DATA SEGMENT
----------------

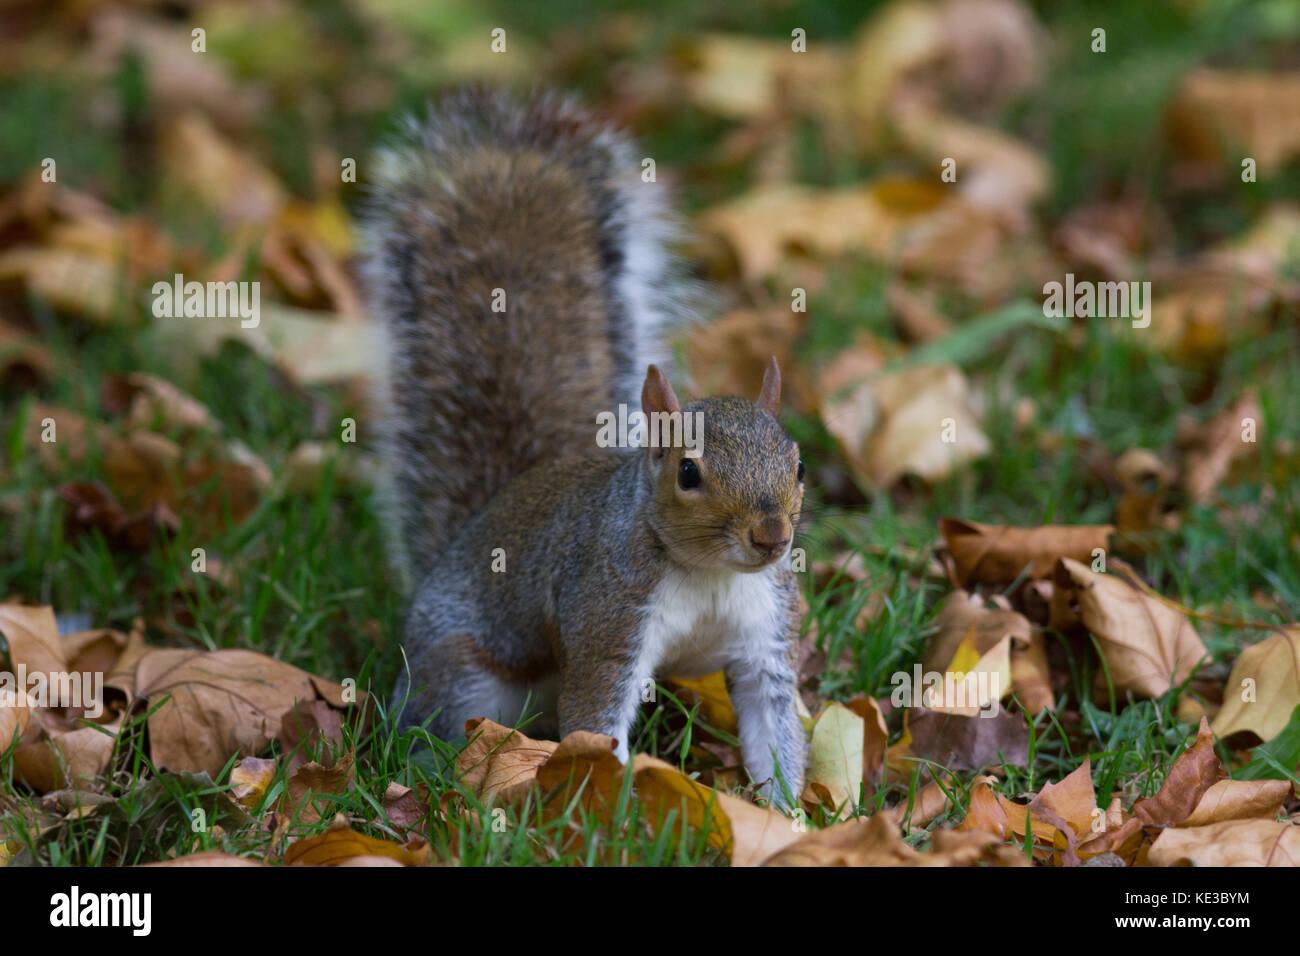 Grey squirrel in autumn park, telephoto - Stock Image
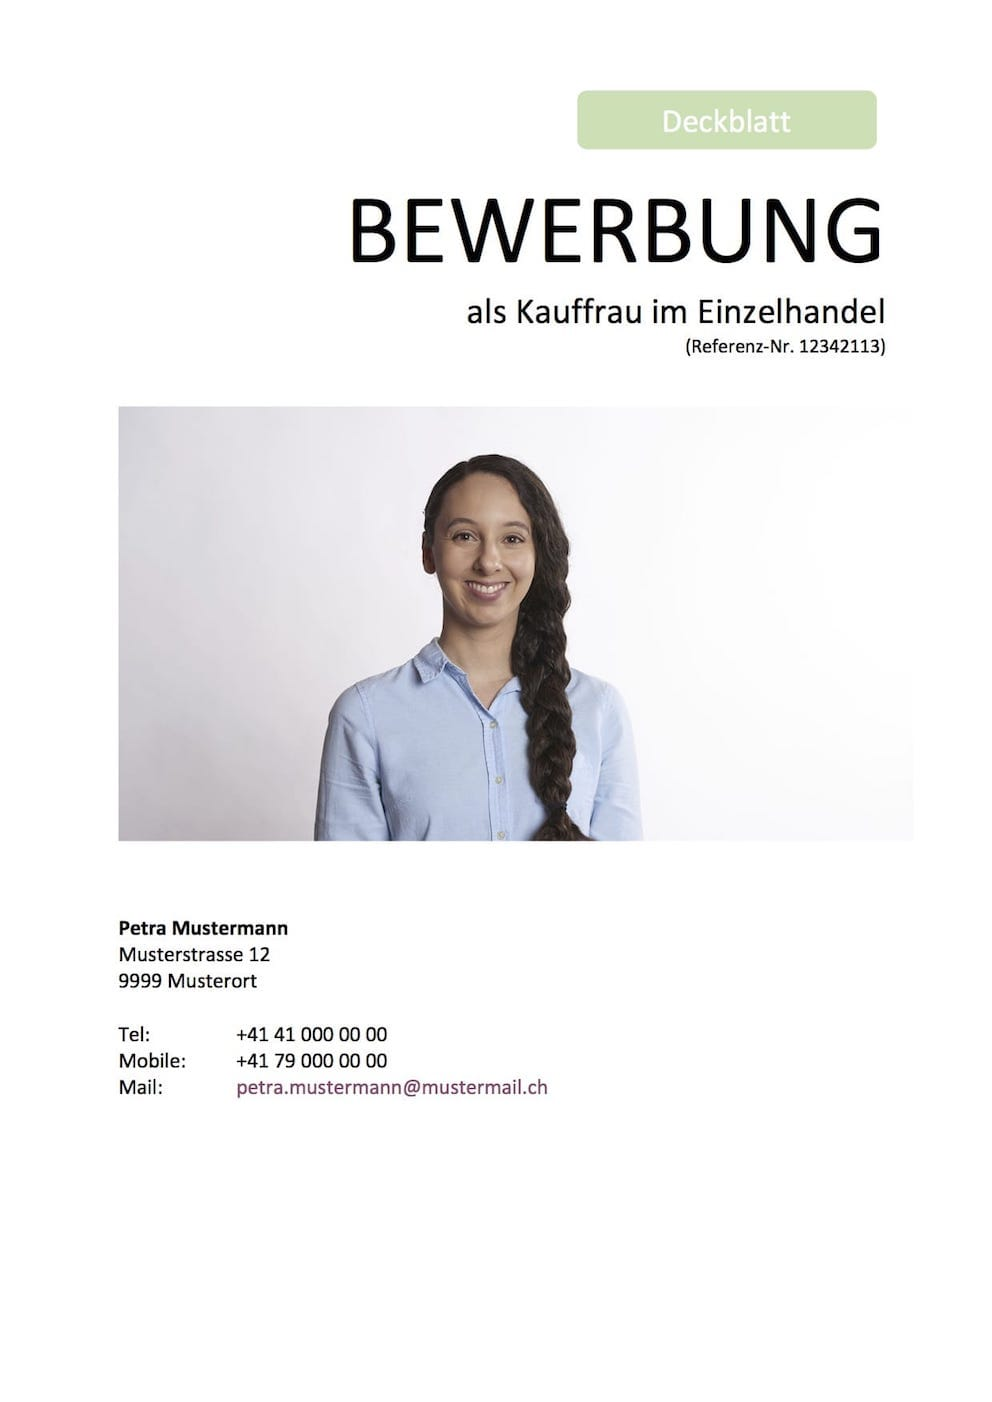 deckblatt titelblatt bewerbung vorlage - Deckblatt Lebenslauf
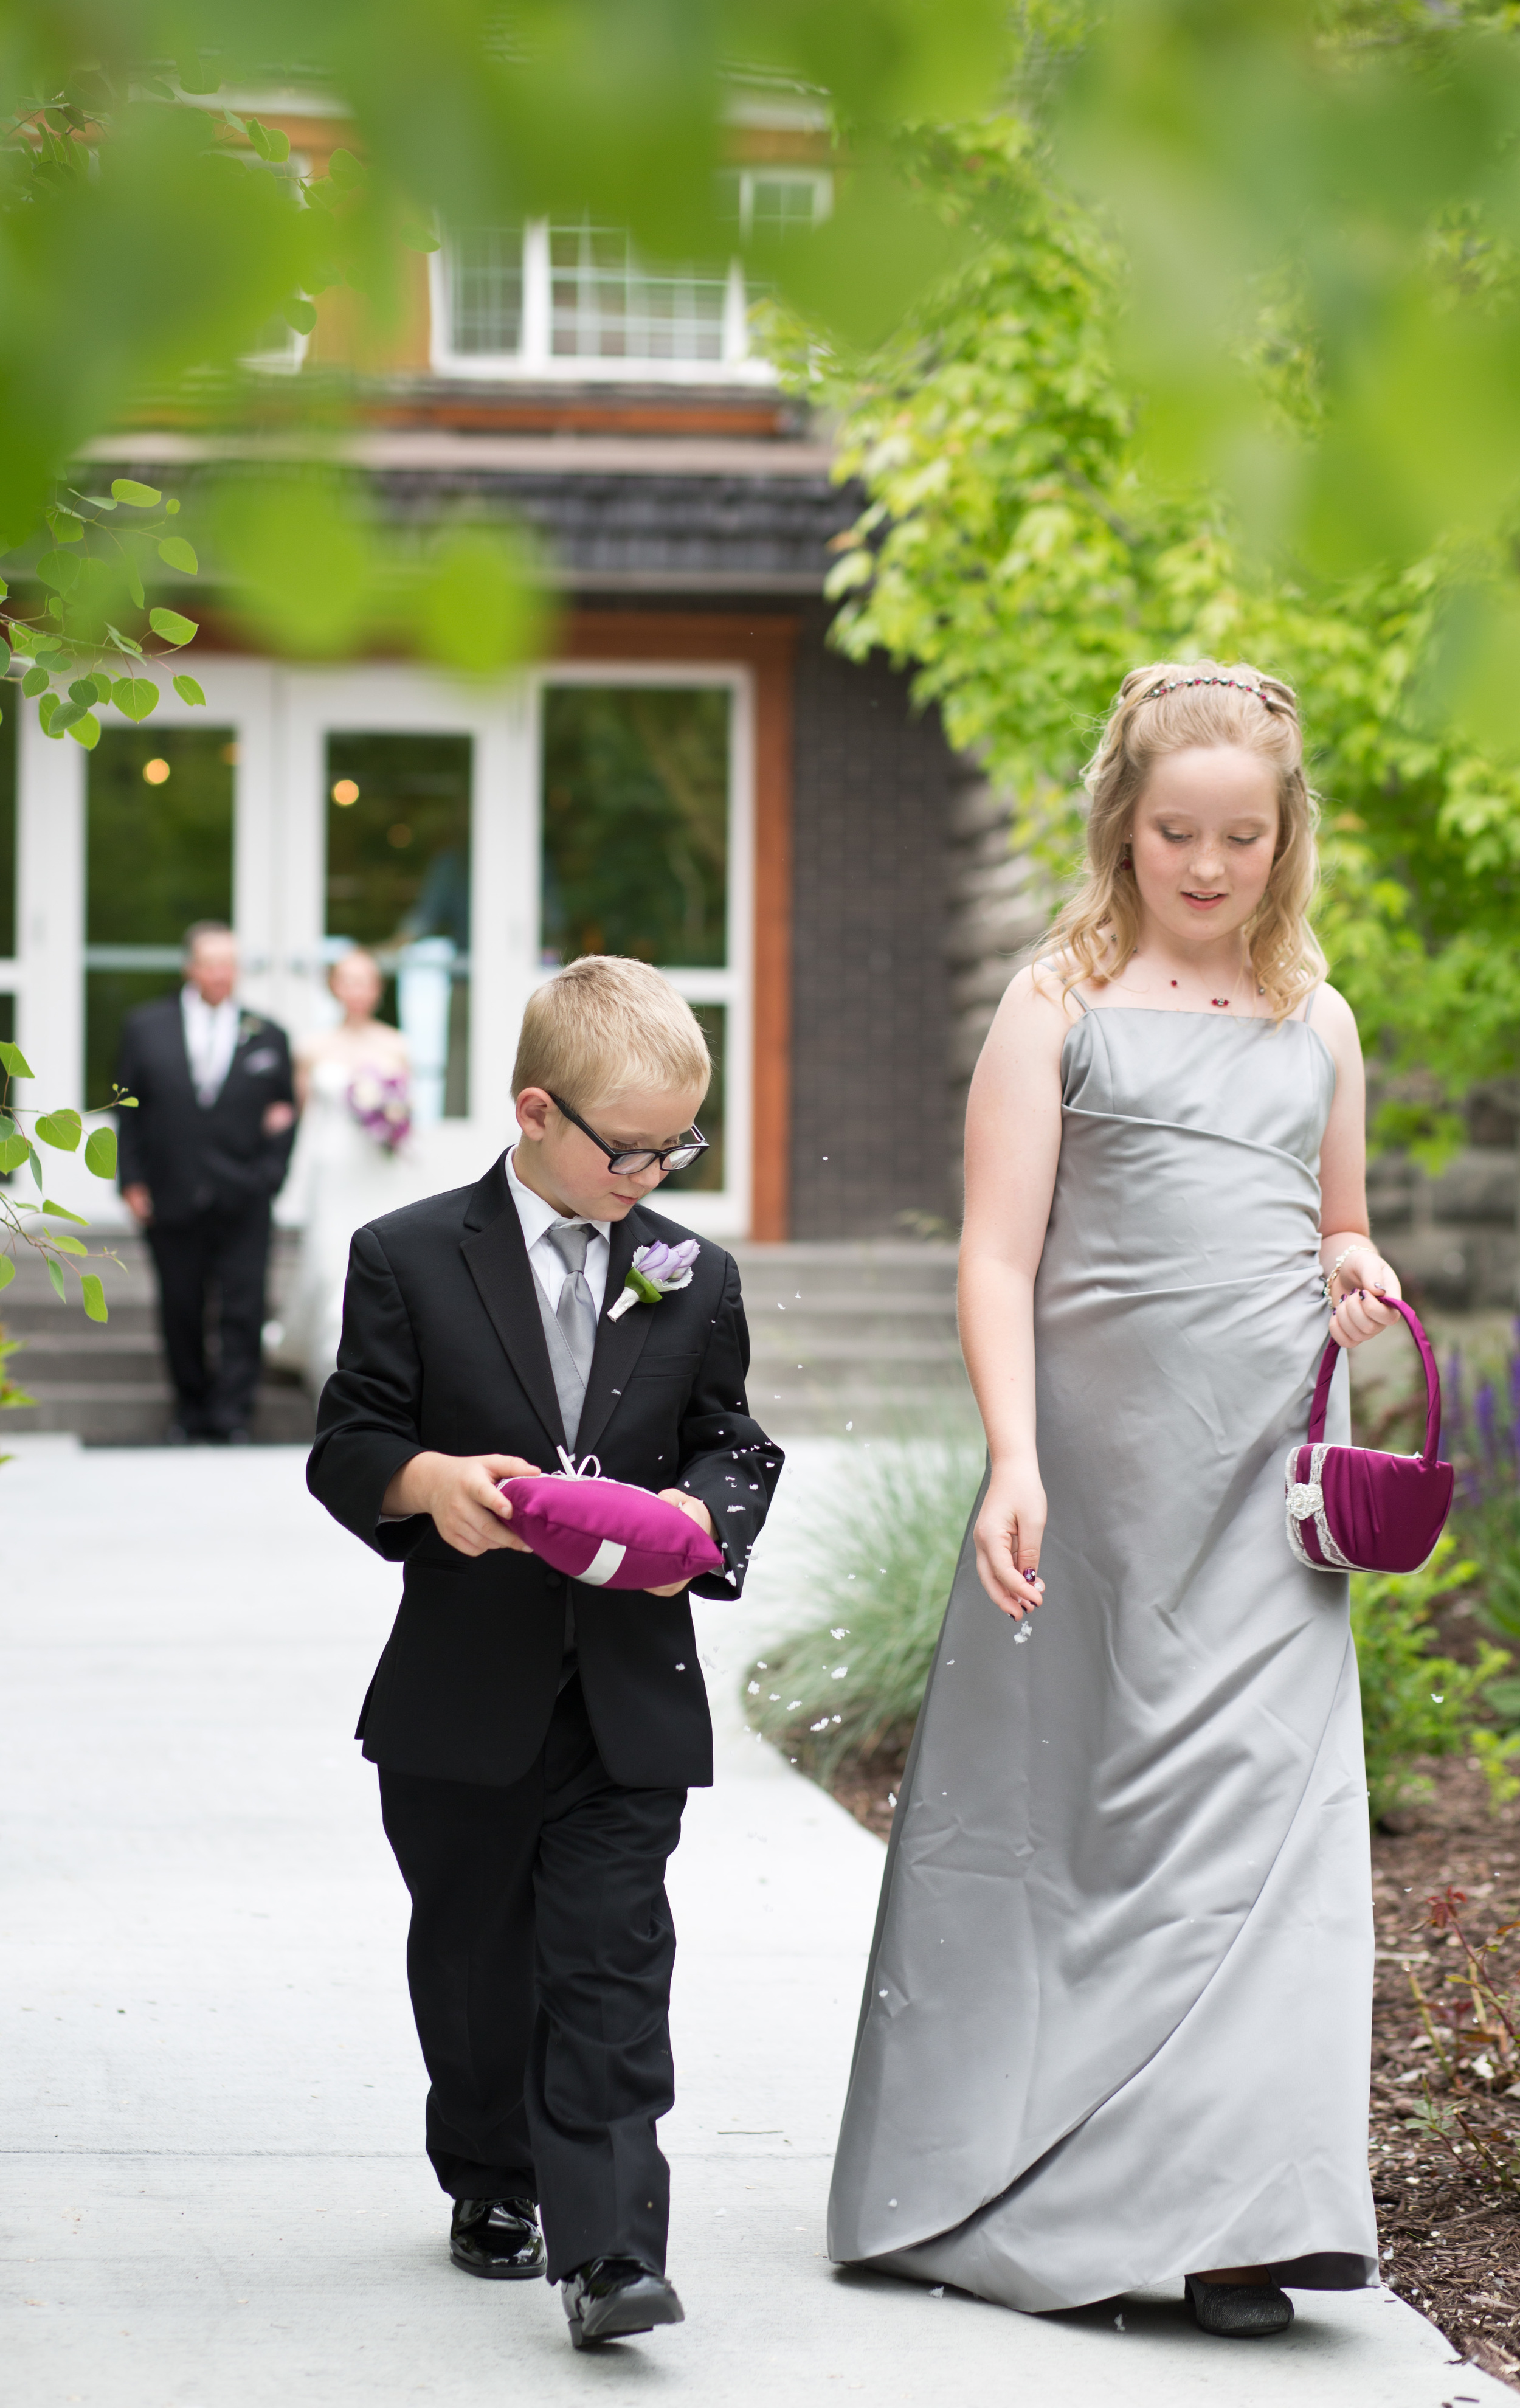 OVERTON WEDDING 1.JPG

----------------

WORK TO BE COMPLETED
Without the pictures, write out the whole listing exactly as it appears.

TASK RESPONSE
 Grey squirrel in autumn park, telephoto - Stock Image
 deckblatt titelblatt bewerbung vorlage - Deckblatt Lebenslauf
 OVERTON WEDDING 1.JPG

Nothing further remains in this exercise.